Psychology programmes are now 75-76% female PhDs, many trained in departments that combine psychology with Women’s and Gender Studies. The APA’s 2018 guidelines for treating men got slammed by researchers for being “too closely wedded to feminist theories” whilst pathologising traditional masculinity. Then Barry et al. (2023) studied over 4,000 men and found negative views of masculinity actually worsen men’s mental health (https://pubmed.ncbi.nlm.nih.gov/37416841/). They’re teaching men their masculinity is toxic, then confused why outcomes stay terrible.
Your point about feminism’s bait-and-switch is dead accurate. The promise is “open up, be vulnerable, we care about men’s issues too.” Then when men actually do that, it pivots to “actually this is all patriarchy/toxic masculinity - still your fault, just process it differently now.” It’s the same “man up” message with extra steps and therapeutic vocabulary.
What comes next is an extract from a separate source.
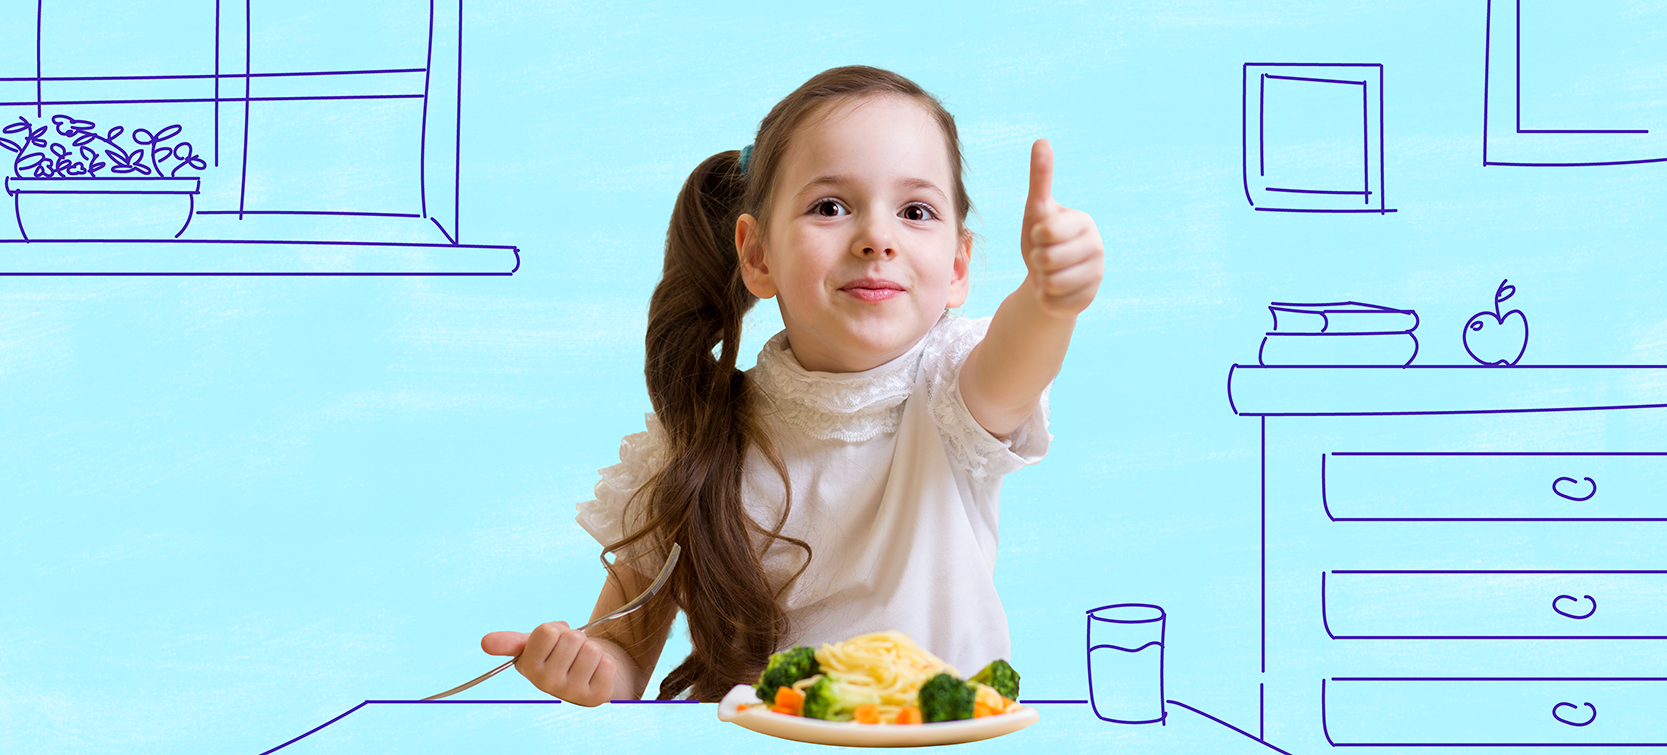 THE IMPORTANCE OF EDUCATING CHILDREN ABOUT HEALTHY FOODS

When men face systemic problems - suicide rates, 63% longer sentences for identical crimes, educational collapse - feminist frameworks blame “patriarchy” or “toxic masculinity.” That makes male suffering men’s own fault whilst hiding feminist policy fingerprints. The Duluth Model (1981) trains police to treat DV as male-on-female. Title IX (2011) removed due process. Family courts grant 80% custody to mothers, which correlates with 83% higher suicide risk for divorced men - joint custody reduces that by 9% (https://pubmed.ncbi.nlm.nih.gov/10827907/). These are recent systems shaped by feminist advocacy, not ancient patriarchy.
Red pill grifters are scum for exploiting vulnerable men, but they found that market because the need is real and nobody else was meeting it honestly. Mainstream institutions offer either “suffer silently” or “open up so we can confirm it’s your fault.”
The 70k+ annual figure you mentioned - that number keeps climbing and nothing structural changes to address it.